4) Son haritamız, Moskova mutabakatında belirtilen 12 kilometrelik güvenlik bölgesi. M4 karayolunun Serakib’in iki kilometre batısından başlayıp Ayn Al Hawr’a kadar olan bölümünde 6 kilometre kuzeyde 6 kilometre güneyde oluşacak bu bölgede Türk ve Rus askerleri devriye gezecek. Söz konusu bölgenin yeşile boyalı alanda (muhaliflerin kontrolünde) olduğunu düşünürsek, Rusya’nın Moskova mutabakatıyla Halep’ten Lazkiye’ye oradan Tartus’a uzanan koridoru kullanmaya başlayacağını da görmüş oluyoruz.
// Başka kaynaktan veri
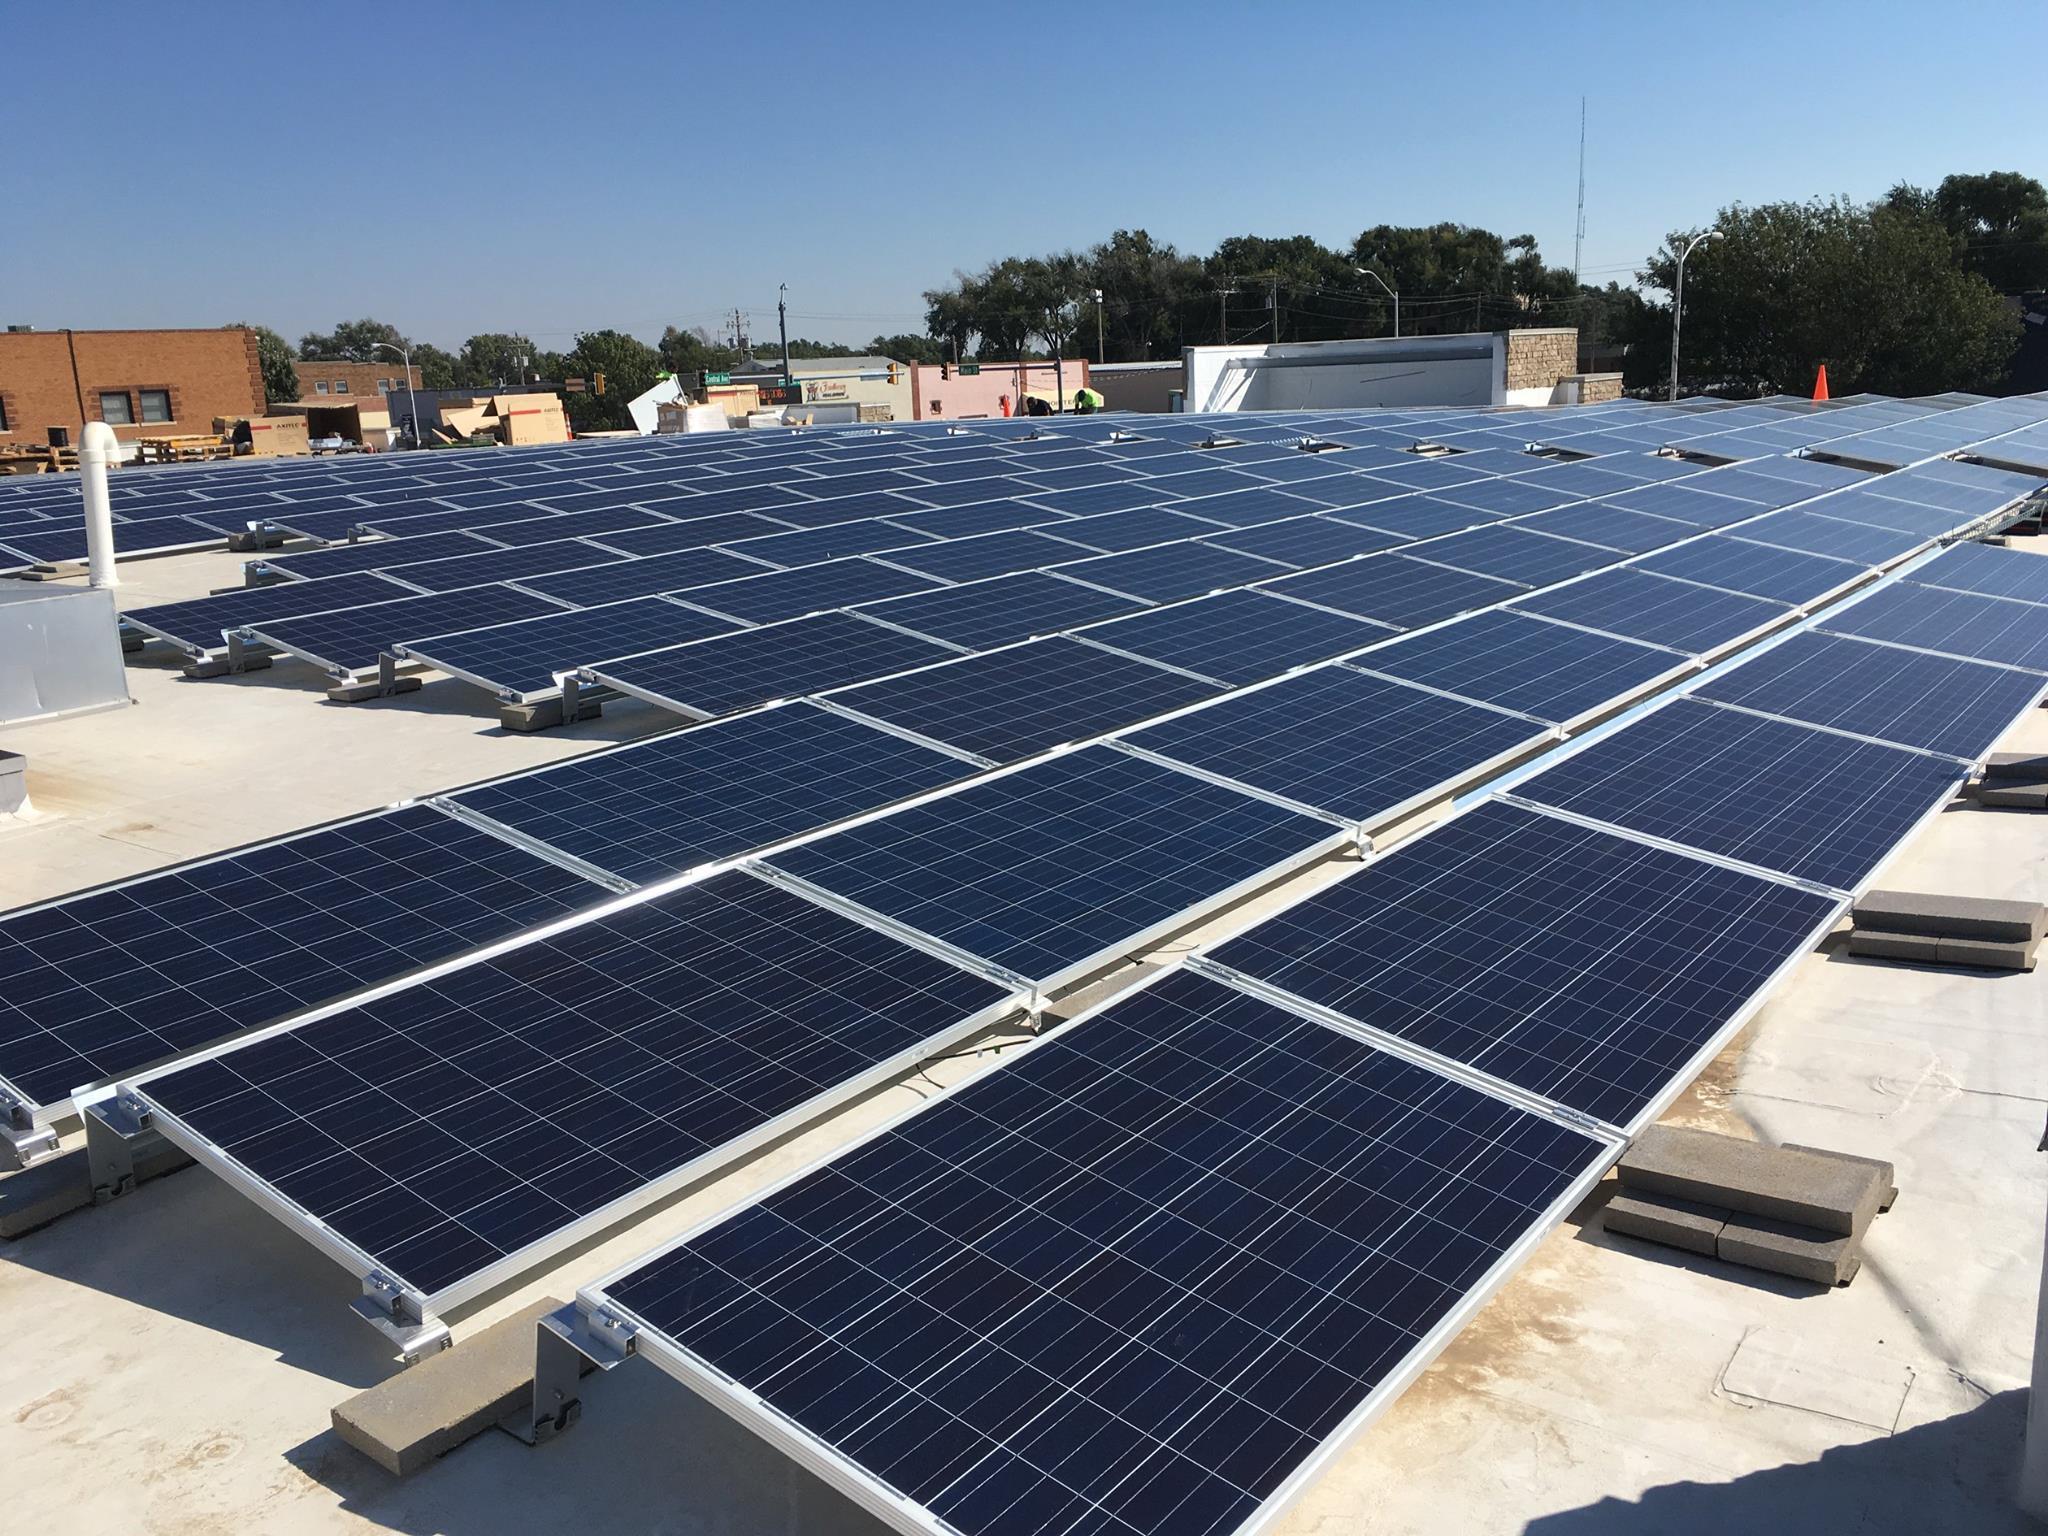 Grant County Solar

KIRIM’I ALAN KATERİNA ŞAHİTLİK ETTİ

Gelelim heykele:

Erdoğan ile Putin’in kameralara poz verdiği salonda, heyetlerin tam arkasında 2. Katerina’nın heykeli duruyor. Sosyal medyada birçok insan Baltacı Mehmet Paşa’yla görüşerek Rus İmparatorluğu’nun büyük yenilgisini engelleyen 1. Katerina’yla karıştırdı ve yanlış yorumlar yaptı.

Halbuki 2. Katerina, Rusya ile Osmanlı İmparatorluğu arasında yaşanan iki büyük savaşta (1768-1774 ve 1787-1792 Osmanlı-Rus Savaşları) Rus Çariçesi olarak ülkeyi yönetiyordu. İlk savaşta Kırım, Osmanlı’dan çıkıp hanlık haline gelmişti. 9 yıl sonra Kırım’ı ilhak eden 2. Katerina, Kırım’ı geri almak isteyen Osmanlı İmparatorluğu’yla girdiği ikinci savaştan da galip çıkmıştı. Kırım’ın kaybıyla ilk defa Müslümanların yaşadığı bir Osmanlı toprağı Hıristiyan bir ülkeye kaybedilmişti.

Moskova zirvesinden önce muhalefet, “33 askerimizi şehit ettiler, bir de ayaklarına mı gideceğiz” diyerek Erdoğan’ın Moskova’ya gitmesini eleştirmişti. O görüşme Ankara’da olsa belki 2. Katerina detayı olmayacaktı.

Bitirirken bir kez daha tekrarlayacağım:

Ateşkes sağlanması diplomasi başarısıydı ama iktidarın savunduğu gibi “Türkiye açısından zafer” değildi.

Zira, Moskova’da ateşkes hattı olarak kabul edilen yeni haritayla, Erdoğan’ın “Şubat sonuna dek Soçi sınırlarına çekilmezlerse bu işi bitiririz” dediği 17 Eylül 2018 haritası tarih olmuştu. Ruslar daha önce giremedikleri M4 karayolunda Halep-Lazkiye arasında devriye gezecekti. Her şeyden önemlisi de Erdoğan’ın mikrofona takılan “Esad’la görüşüldü değil mi” sorusundan da anlayacağımız üzere, Moskova’da her şey 2. Katerina’nın şahitliğinde, Esad canisinin bilgisi dahilinde olmuştu.